The Teflon membrane was tested to ensure that it was capable of blocking the passage of ferrous iron ions as well as hydrogen peroxide, the two components of Fenton's oxidation solution. Individual aqueous solutions of ferrous iron and hydrogen peroxide were allowed to stand in the apparatus for a 24 hour period. The opposing reservoir was filled with water and at the end of the testing period, the water-side solution was tested for the presence of the respective component. The presence of iron or hydrogen peroxide was tested by adding to the solution a salt that would result in the formation of precipitate in combination with the component of interest. As displayed in Table 5, the salts added to the hydrogen peroxide-based test and the ferrous iron-based test were FeSO₄.7H₂O and NaHCO₃respectively. The addition of the salt did not evolve a precipitate in either case and therefore no transport of hydrogen peroxide or iron was taking place across the membrane boundary.
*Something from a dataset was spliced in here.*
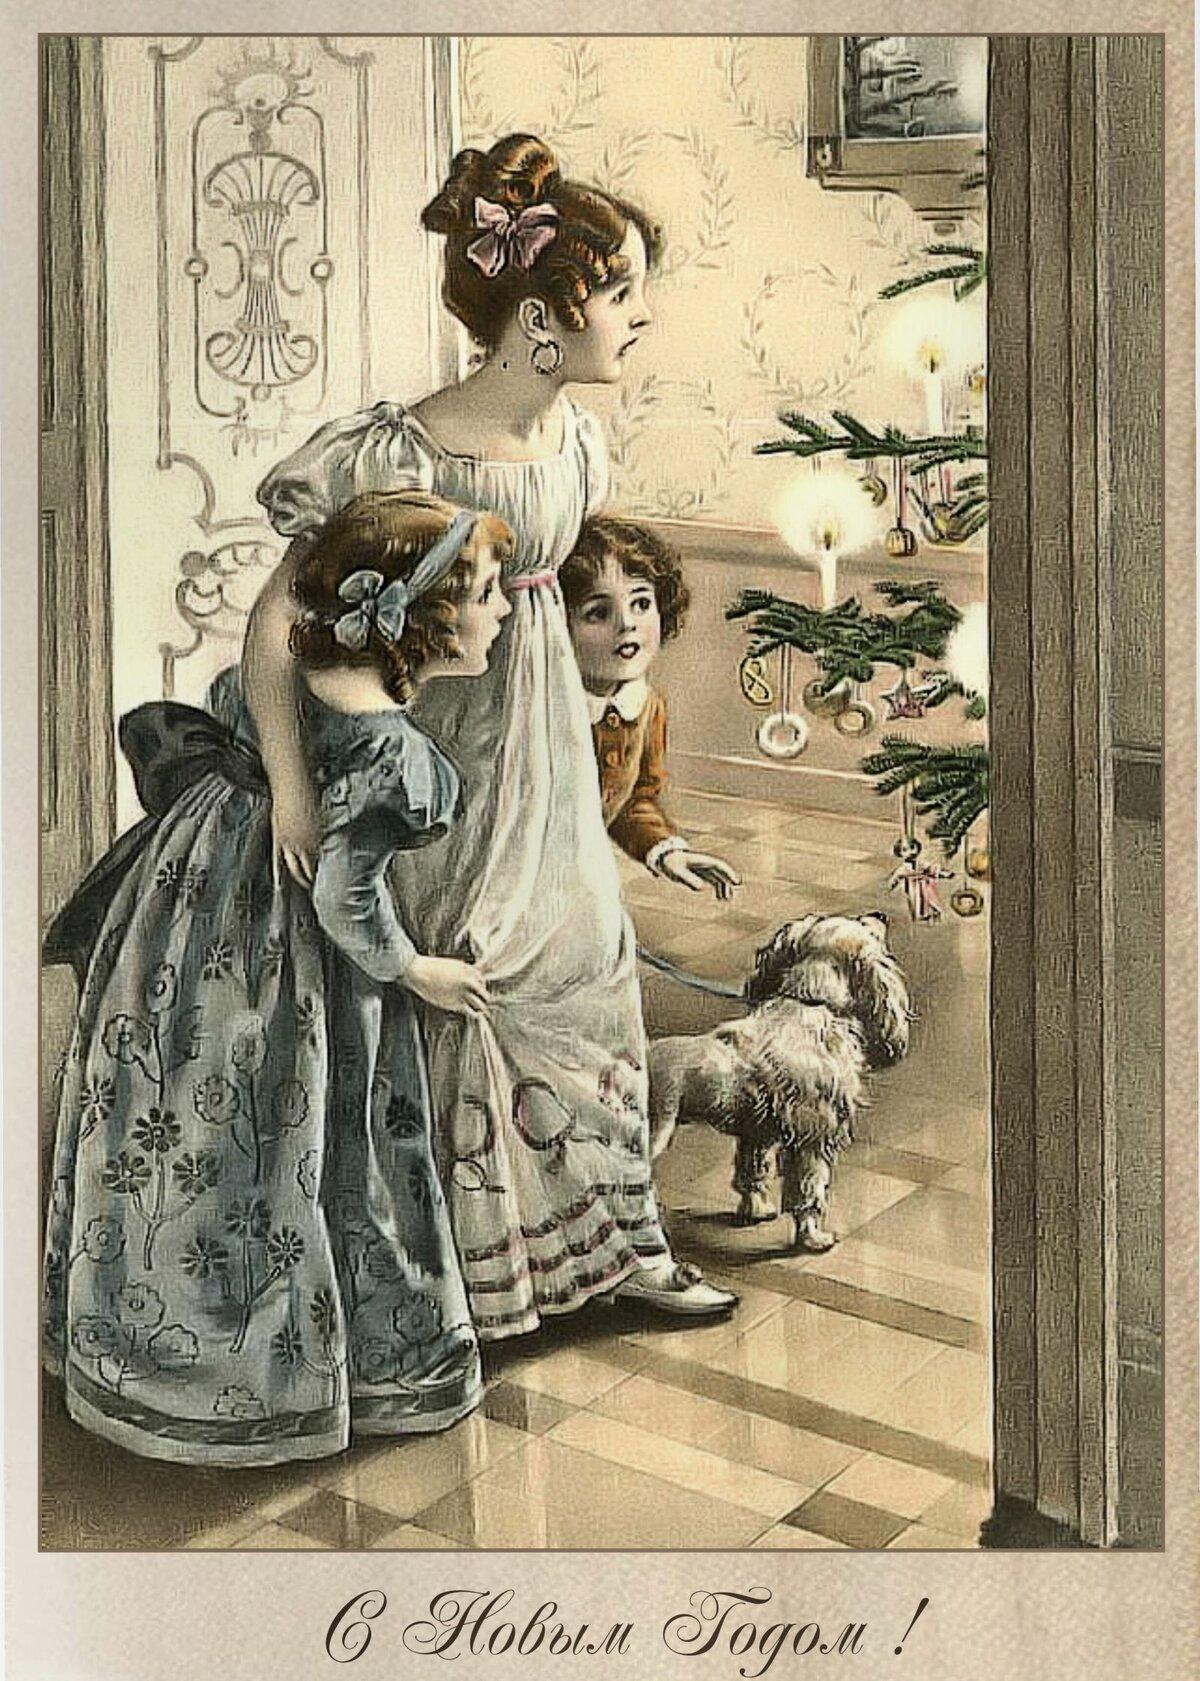 Поздравительные открытки конца 19 века, повышением картинка
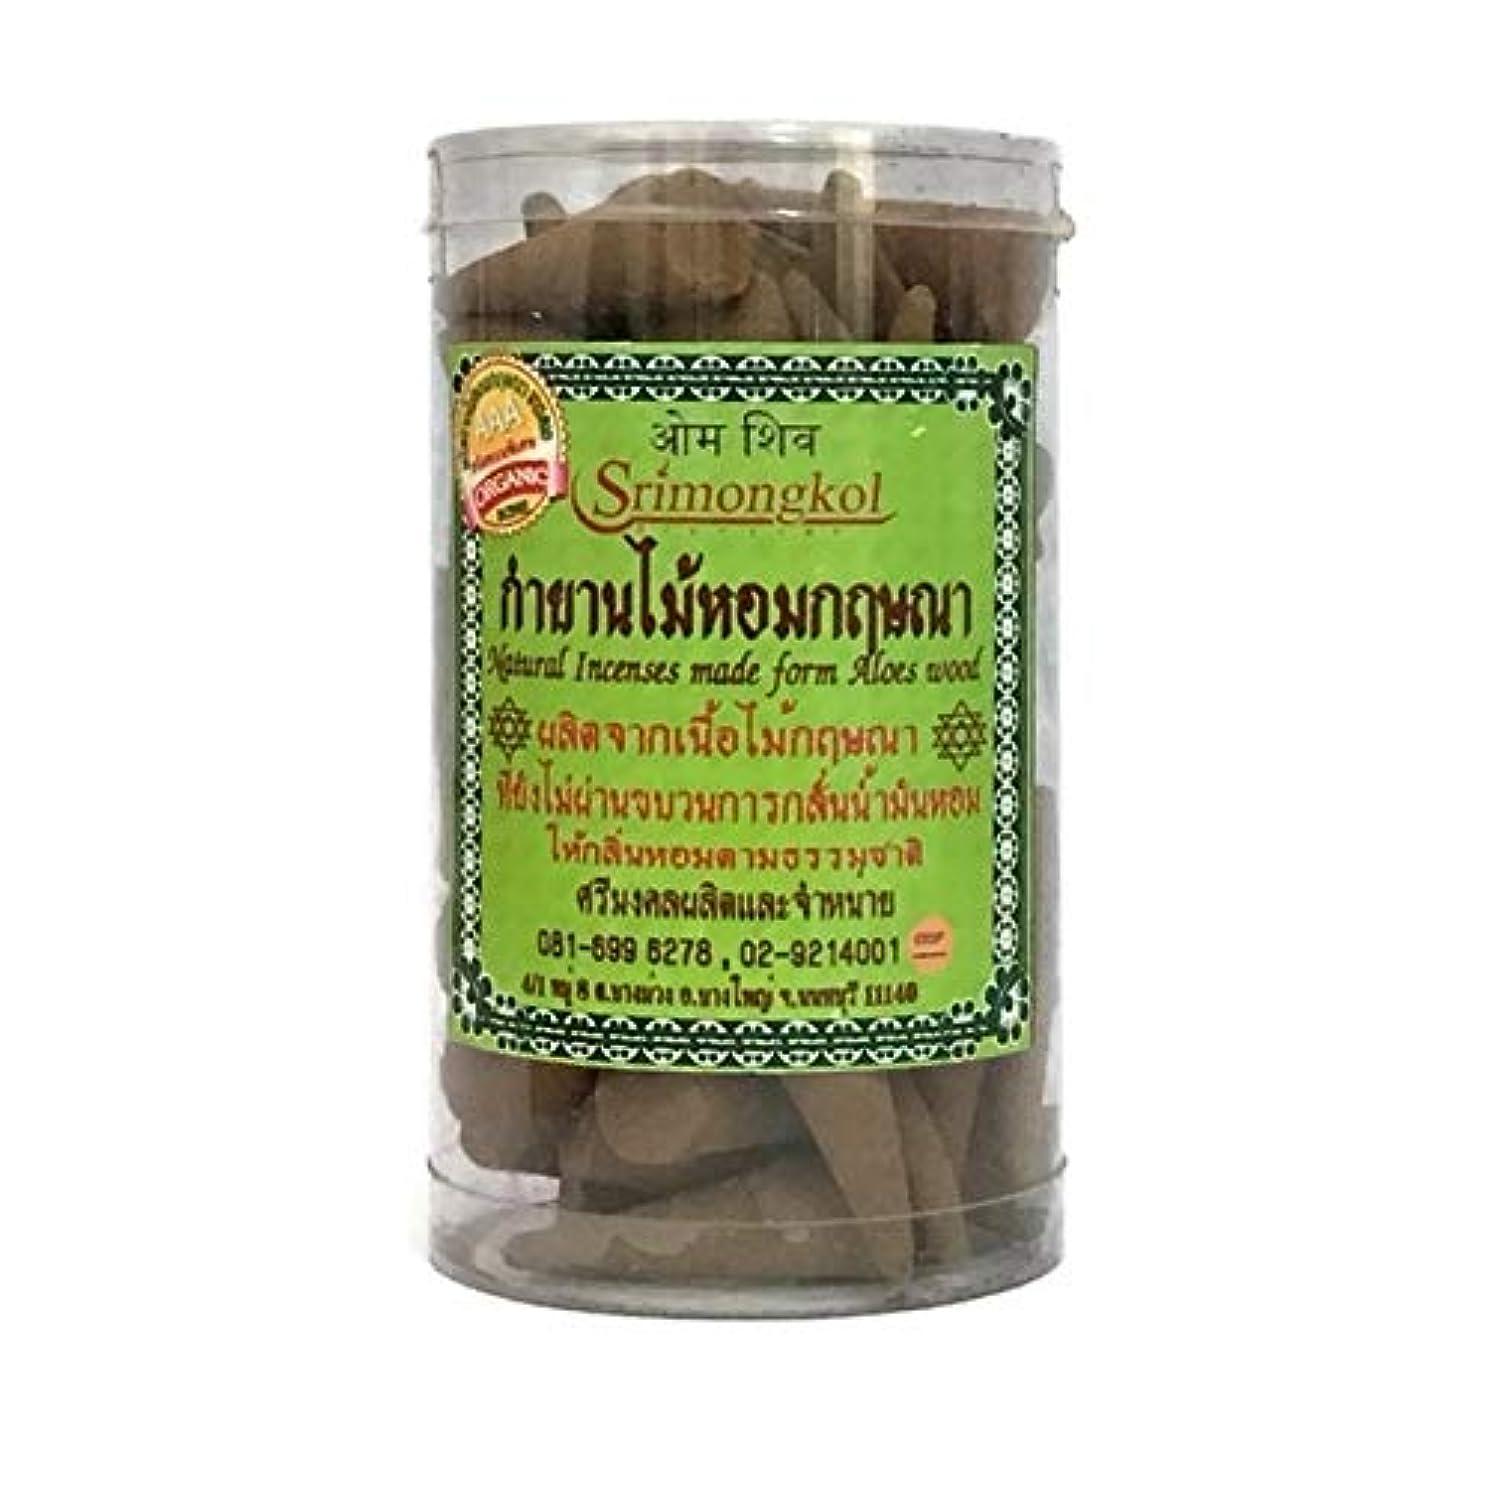 意志アレンジ限られたSrimongkol Agarwood Natural Incense Cones 200 Grams Grade AAA Organic (No Chemical :::Srimongkol Agarwoodナチュラル...

Therefore, in a test involving Fenton's oxidation solution, the components are restricted to the reservoir that they were initially poured into and would not contaminate the solution in the other reservoir.

TABLE 6

Transport of Fenton's Oxidation Solution Components

Apparatus - Isolated Solution Transport Testing for Teflon Membrane

Solution
Additive
Reaction
Conclusion

30% H₂O₂in 18
FeSO₄•7H₂O
No Reaction
No Transport

MΩ E-Pure Water

FeSO₄•7H₂O
NaHCO₃
No Reaction
No Transport

MTBE Transport into Fenton's Oxidation

Having proven that MTBE can pass through the pores of a particular hydrophobic polymer membrane while preventing the passage of iron ions and hydrogen peroxide in solution, tests with MTBE in being removed from one reservoir to be remediated in the other were conducted. A 1000 ppm solution of MTBE was prepared and poured into the assembled apparatus with a membrane loaded. An iron solution was created and hydrogen peroxide was added to it. Samples were drawn over the course of thirty minutes as well as at the end of longer periods of time. The test allowed a comparison of the transfer characteristics of the membrane with and without degradation of MTBE. It also allowed an investigation of attack on the membrane surface by the oxidizing solution as MTBE entered into the remediation solution.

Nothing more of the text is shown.